A deadly attack was launched by forces loyal to President Bashar al-Assad’s regime on the town of al-Nabk, a Damascus suburb on Friday, according to a statement from the Syrian National Coalition (SNC).
In the statement, the SNC called on countries of the “free world” to “protect civilians in Syria and to intervene immediately,” to bring peace and security to the war-torn country.
The death toll is yet to be announced by activists or the SNC, which said that men, women and children were killed in the attack.
The latest violence follows warnings from British Foreign Secretary William Hague on Friday that unless a solution is found in 2014, the conflict in Syria threatens to tear the country apart, reported Agence France-Presse.
“If the conflict continues, Syria itself could disintegrate and with extremism growing create ungoverned space in the heart of the Middle East,” AFP quoted Hague as saying at the opening of the annual Manama dialogue on security Friday.
The city of Raqqa, one of the first areas to revolt against Assad’s regime at the start of the Syrian uprising in March 2011 had recently seen the last batch of forces loyal President Bashar al-Assad leave, but the residents opposing the regime were still not at ease.
Several Jihadists and Islamist groups fighting against the regime started fighting among each other for the power and governance of Raqqa.
This struggle to gain power led to public executions of rivaling rebel groups and other arbitrary activities to claim power over the city.

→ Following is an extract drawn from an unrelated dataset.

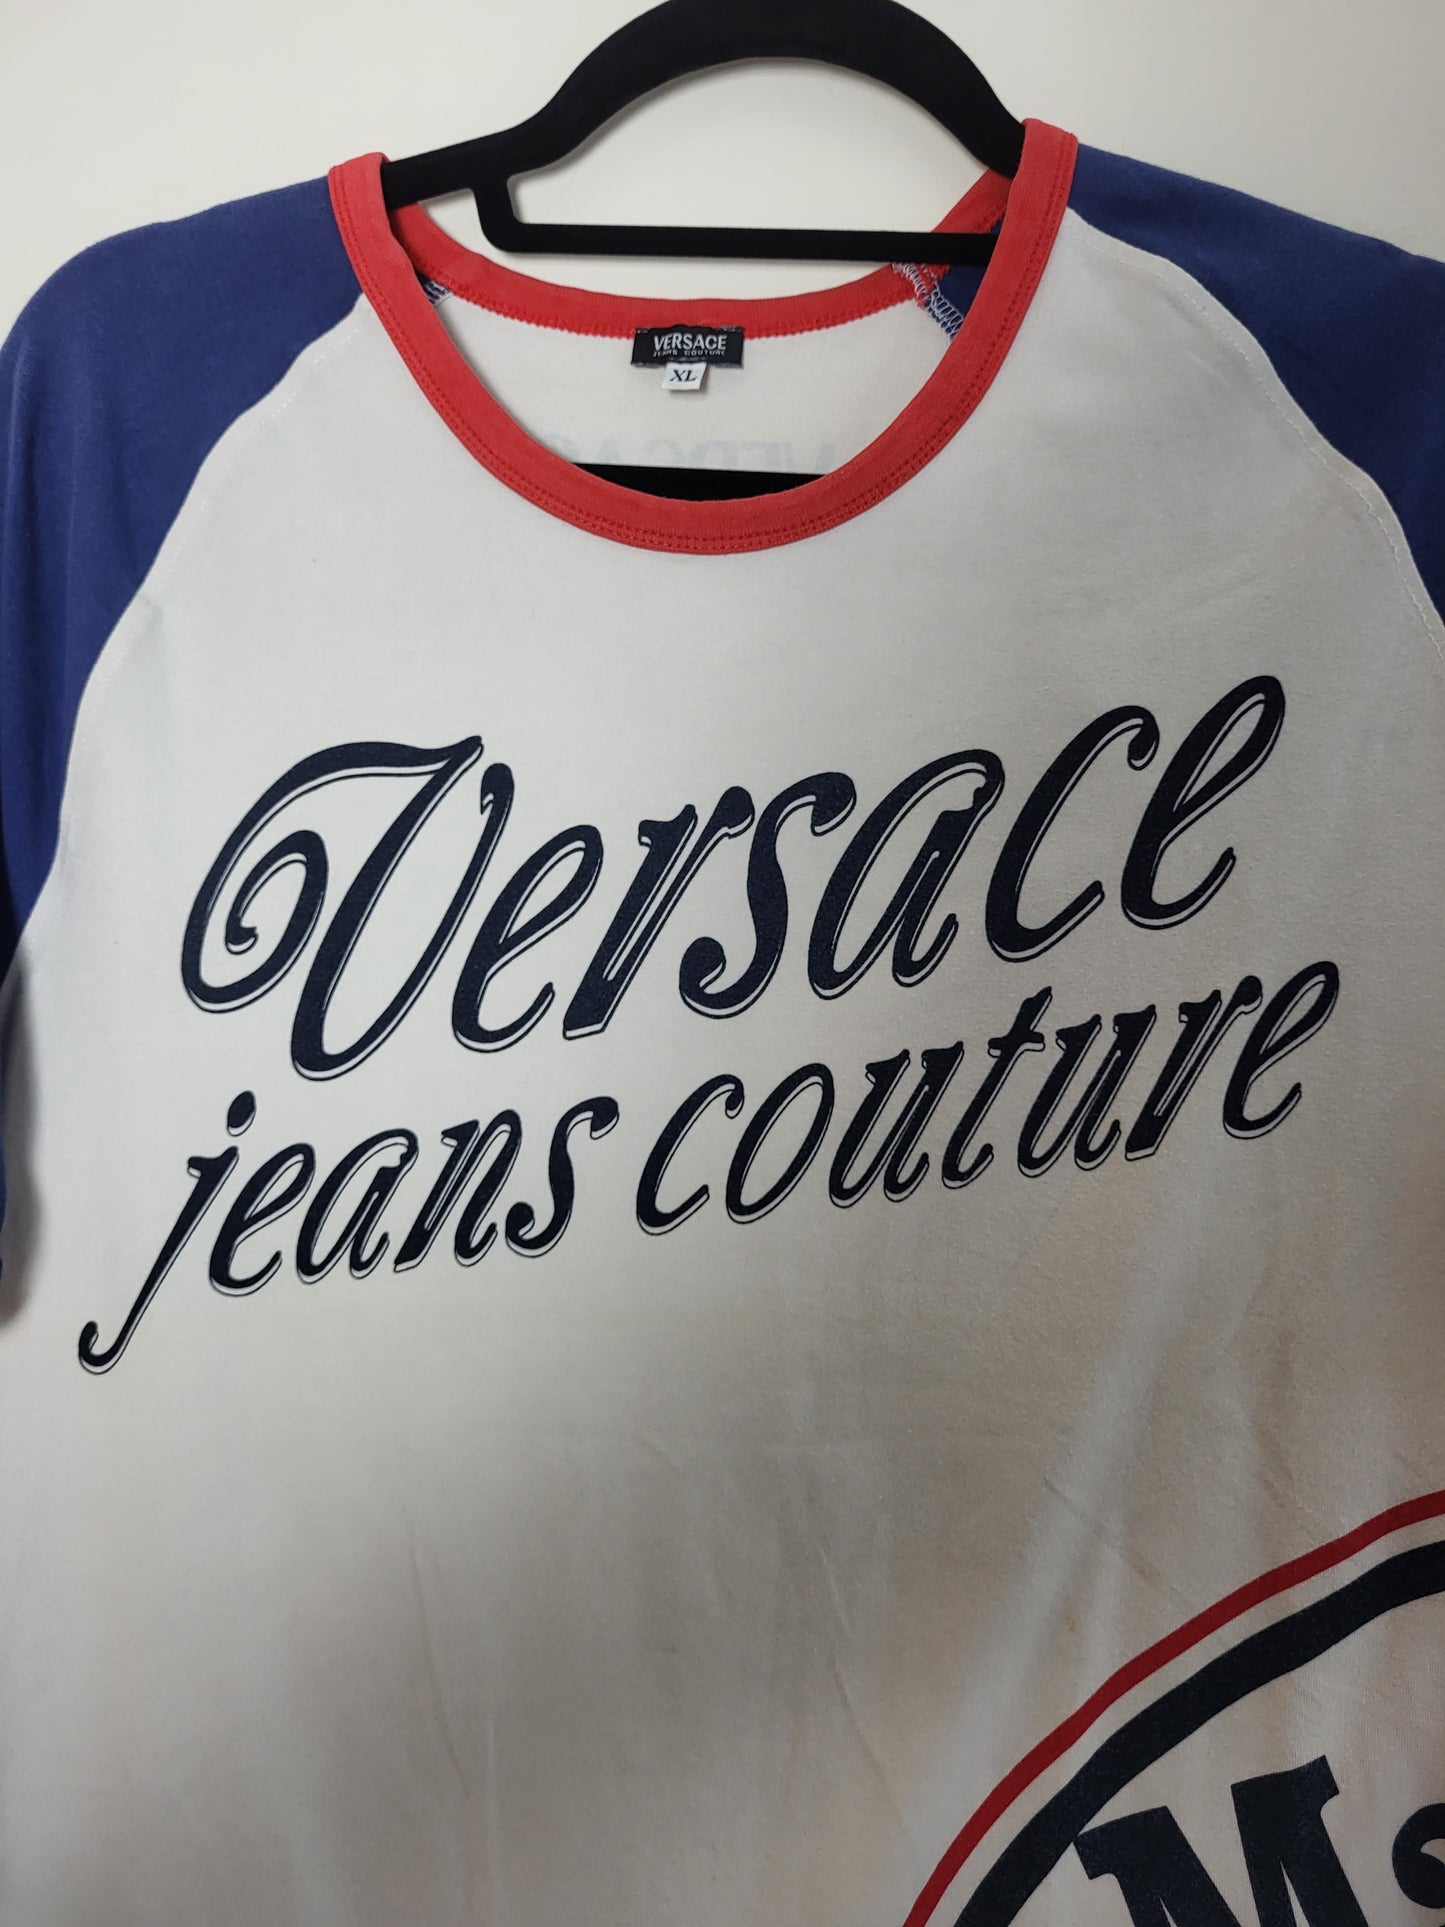 VERSACE Jeans Couture - T-Shirt - Exklusiv - Print - Damen - L/XL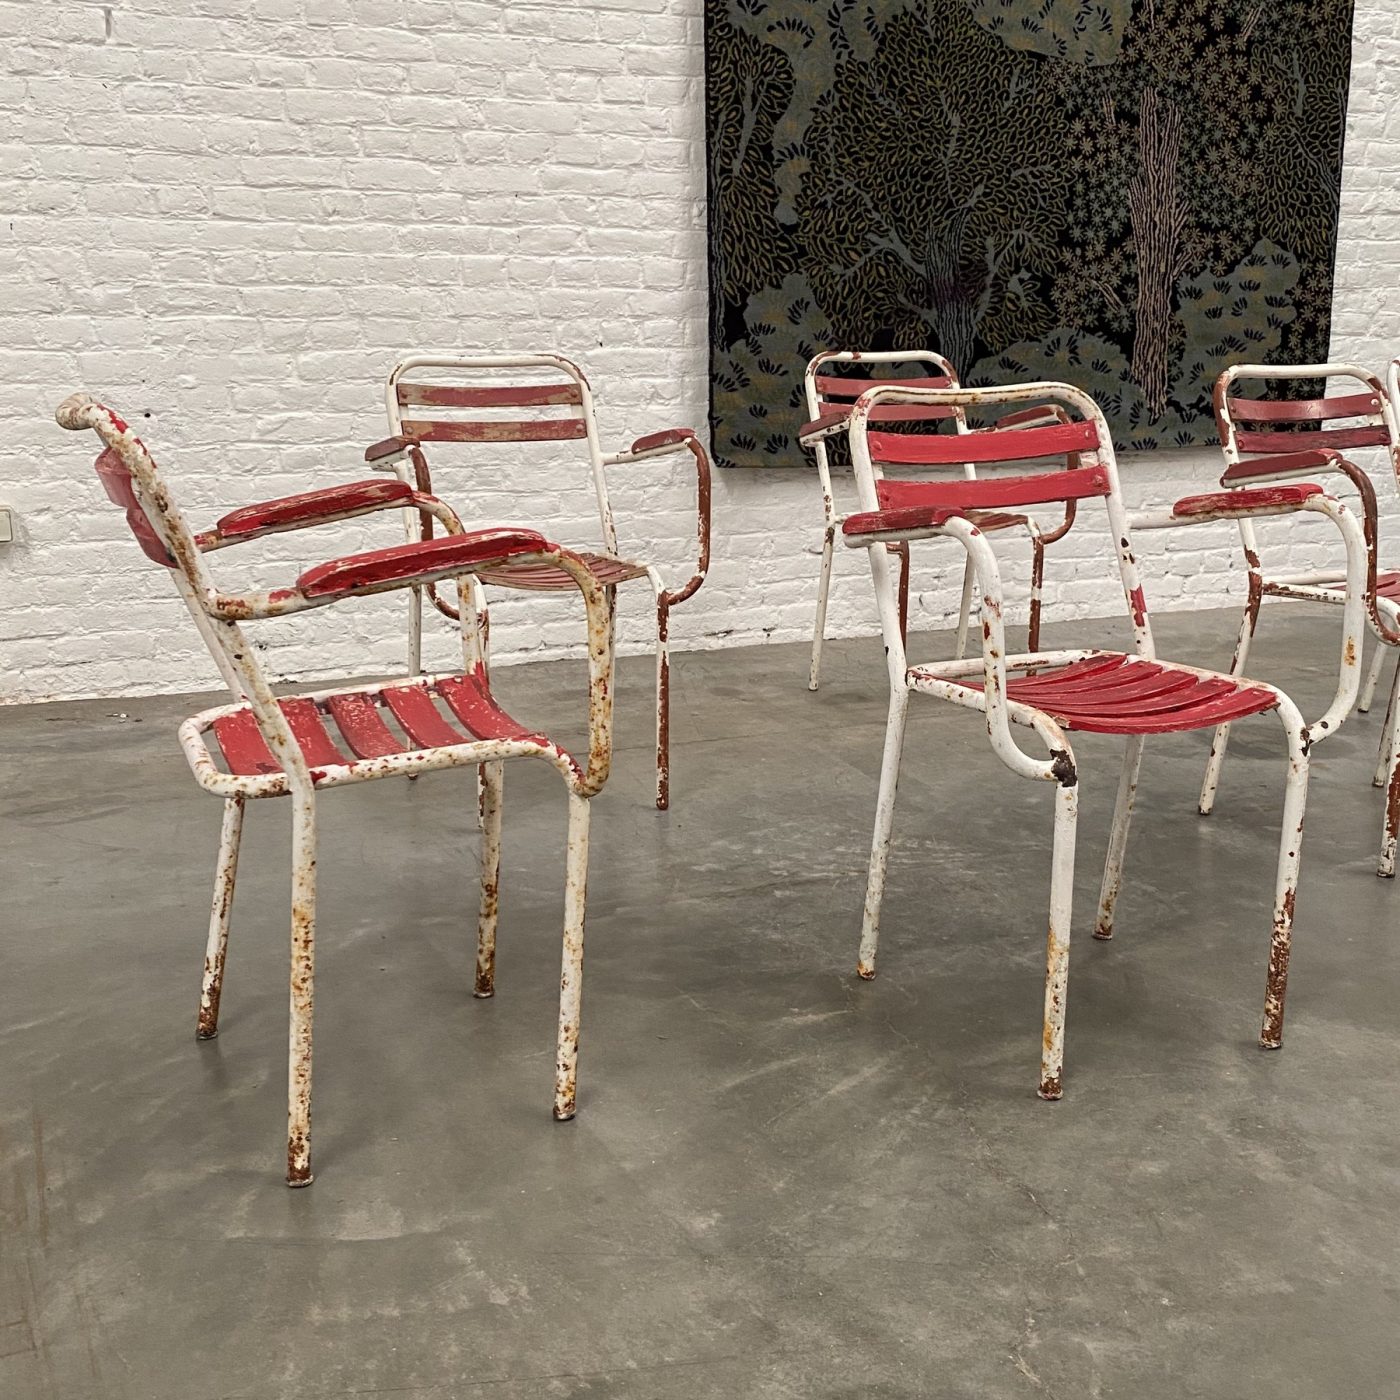 objet-vagabond-garden-chairs0008

“We have always been very clear that a peaceful solution in Syria must require the departure of President Assad,” Hague told a press conference in Kuwait City after talks with his Kuwaiti counterpart Sheikh Sabah Khaled al-Sabah.
“It is impossible to imagine after so many deaths, so much destruction, a regime oppressing and murdering its own people on this scale” should remain in power, Britain's chief diplomat said.
“It is impossible to imagine, I think, President Assad could remain on the scene in Syria in the future,” Hague said.
The reiteration of Britain's call for Assad's ouster came just weeks ahead of an international peace conference on Syria slated for January 22.